The Federal Union: A History of the United States to 1877 (originally published as The Federal Union: A History of the United States to 1865) is history of the United States written by John Donald Hicks, George E. Mowry and Robert E. Burke. First published in 1937, it covered the period from the discovery of the Americas in 1492 to the end of the Civil War in 1865. Four revised editions followed that also covered the Reconstruction Era up to 1877, and accordingly were published with an updated subtitle. The fifth and final edition appeared in 1970.

The Federal Union was primarily written as a university-level textbook, and was published with accompanying manuals for instructors and for students. It was the first of a two-volume set. The second volume was entitled The American Nation: 1865 to the Present.
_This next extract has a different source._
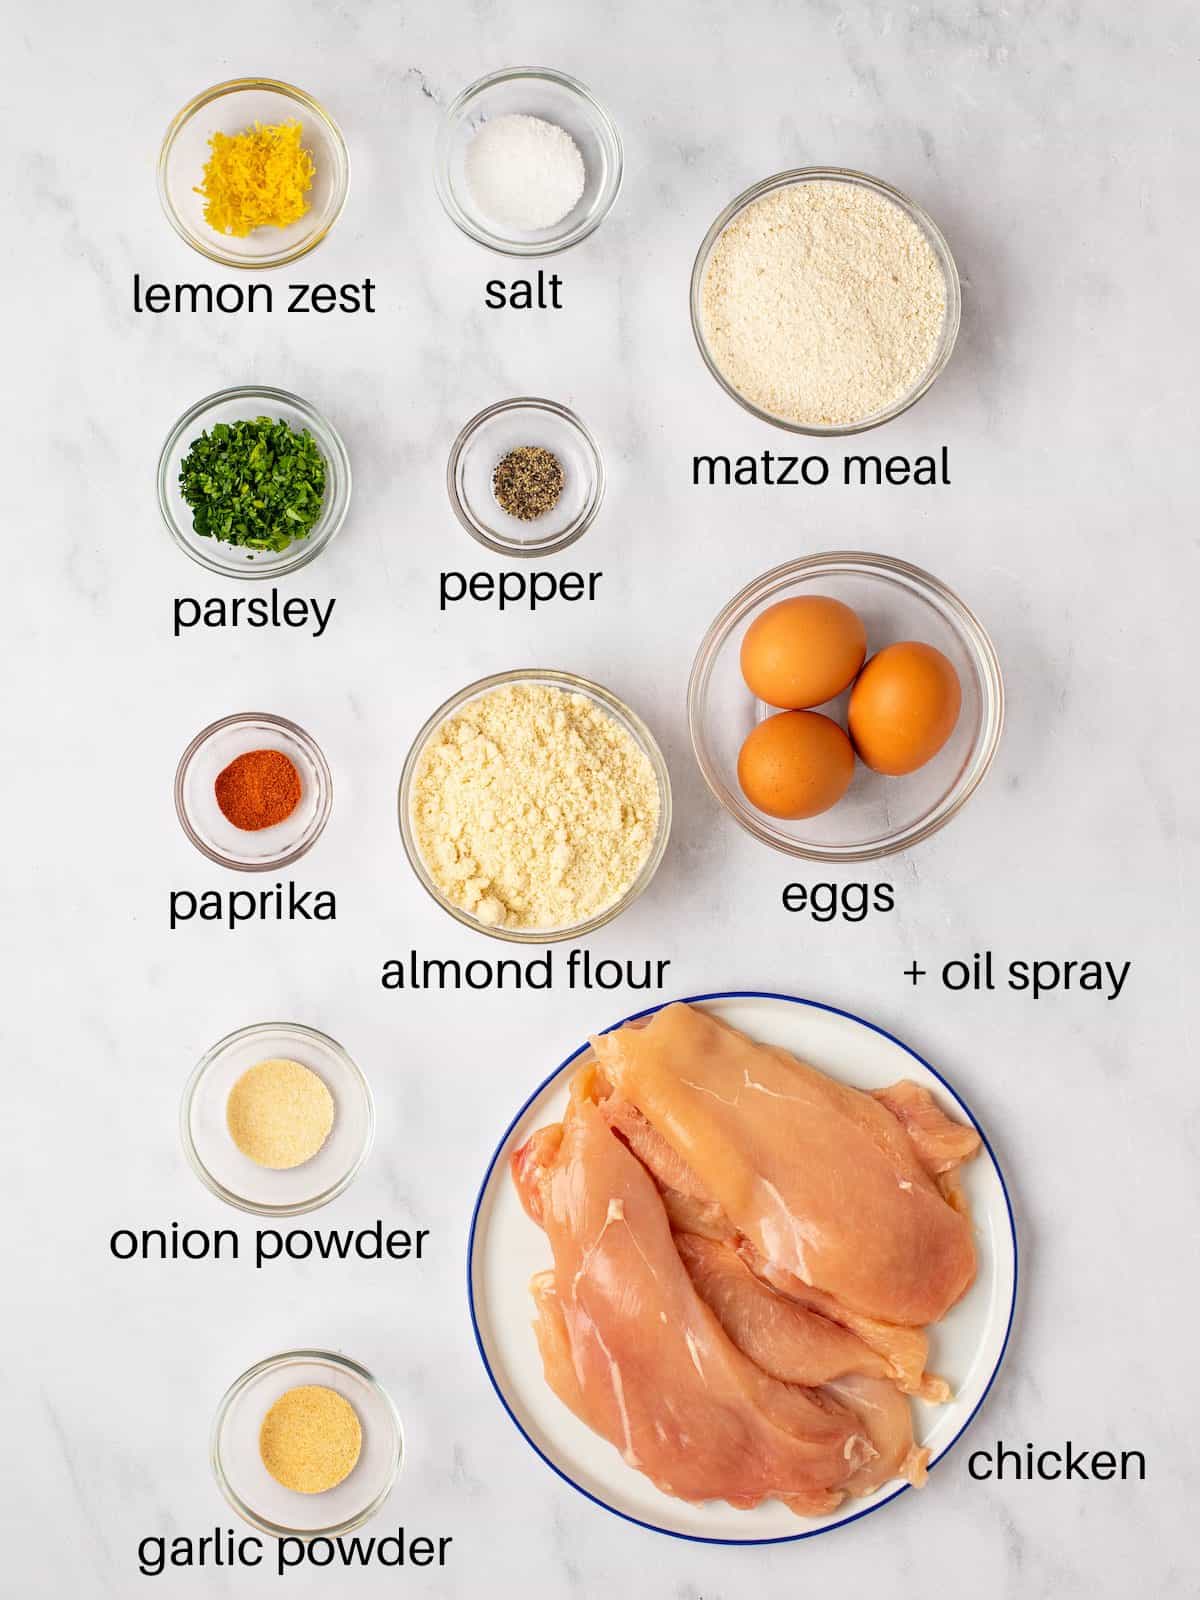 Ingredients needed to baked chicken schnitzel for Passover.
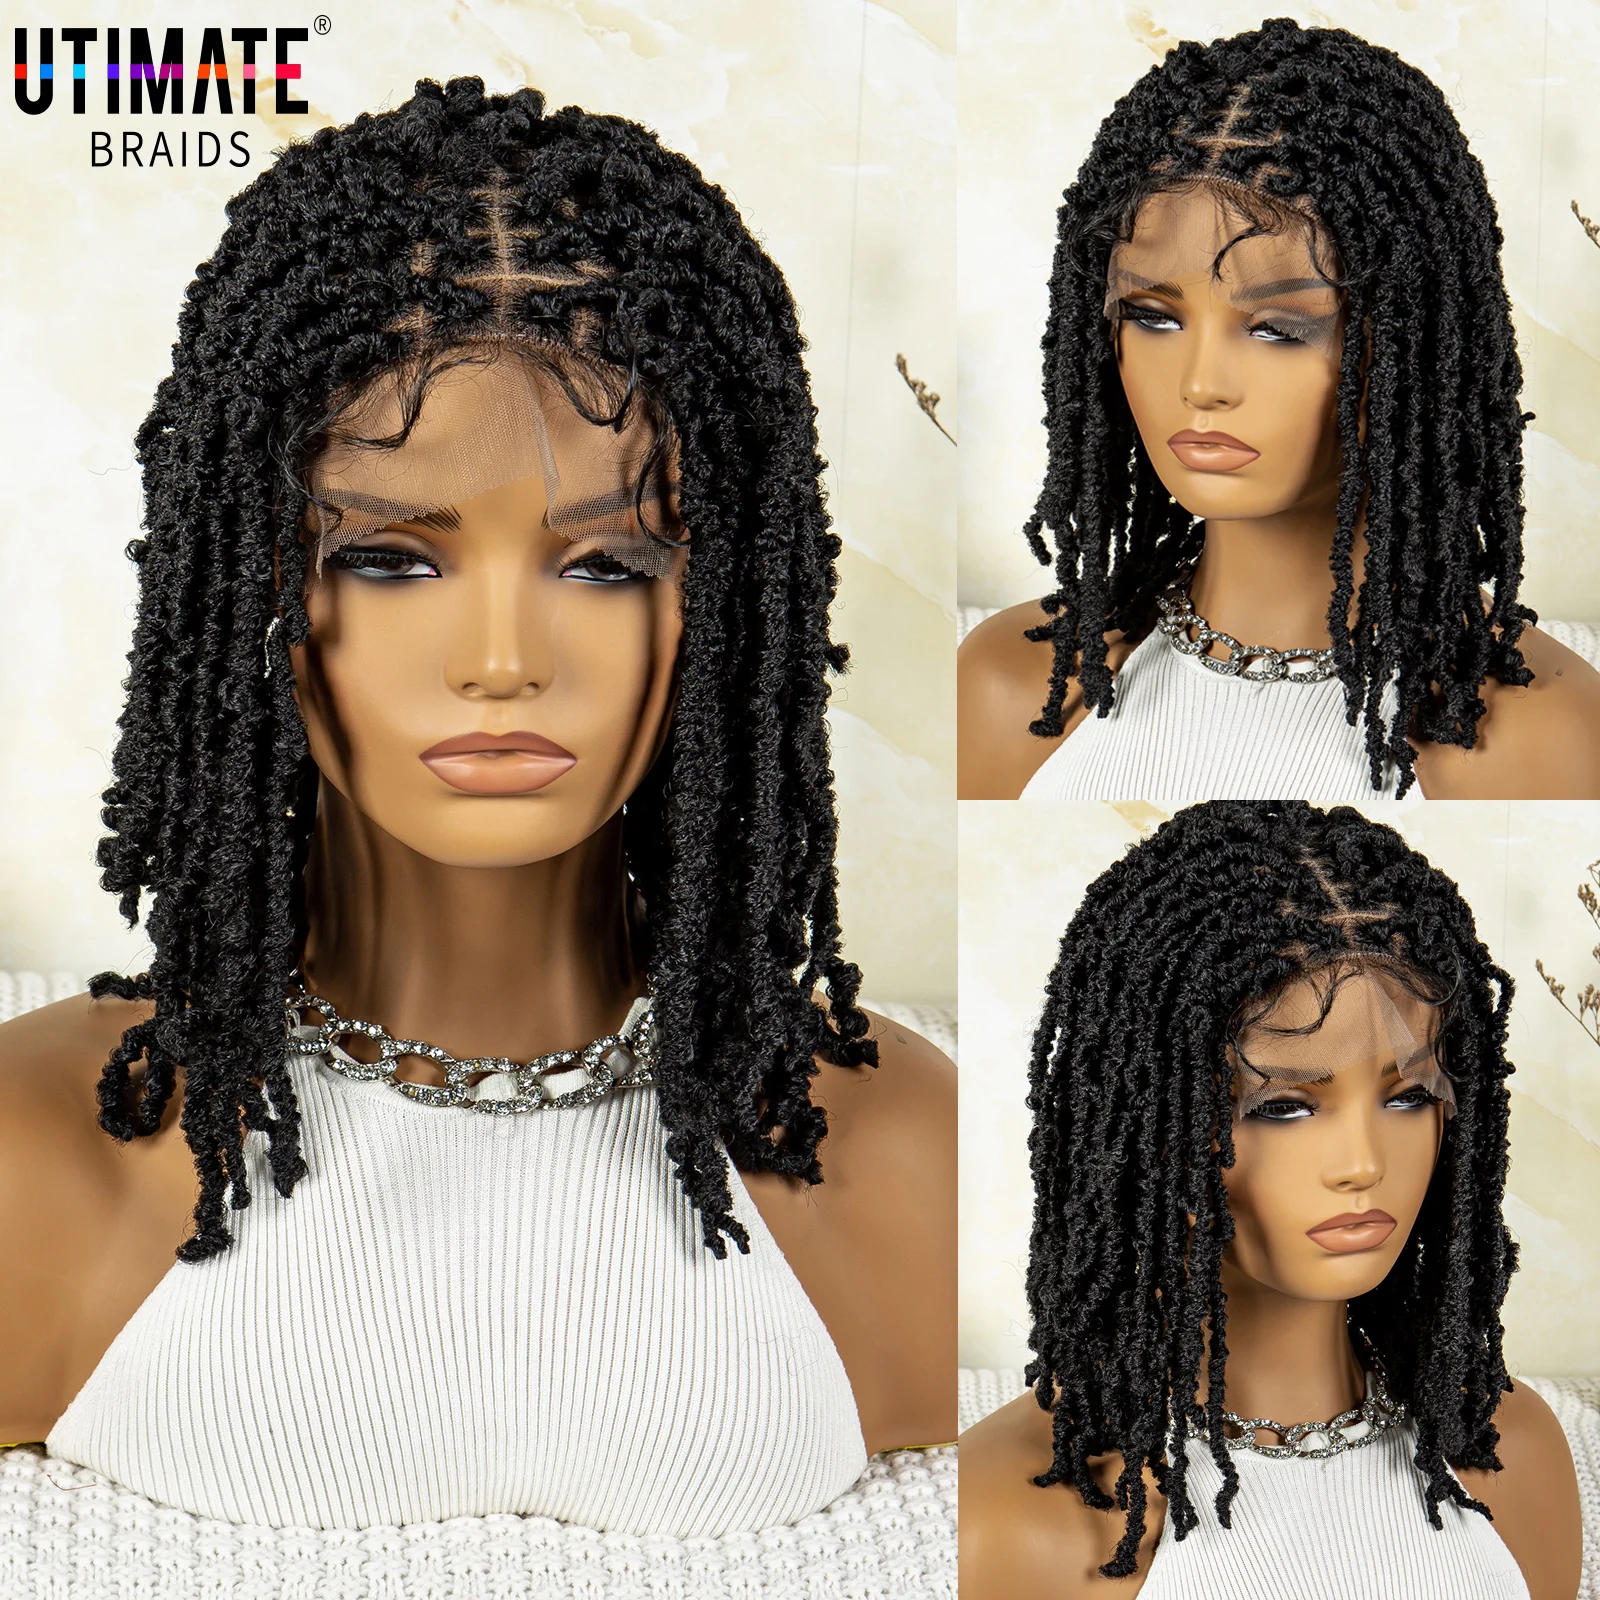 

Lace Front Synthetic Braid Wigs Dreadlock Wigs for Black Women Short Curly Big Afro Braid Wigs Faux Locs Braiding Synthetic Wigs

An abridged one-volume edition first appeared in 1946 as A Short History of American Democracy.

The book was aimed at undergraduate students, other readers appreciated its qualities. For example, historian George Fort Milton admired Hicks's "capacity for extraordinary compression without at the same time either getting the style too bare-bones for pleasurable reading; or the facts too black-and-white for the necessary implications of gradations of gray."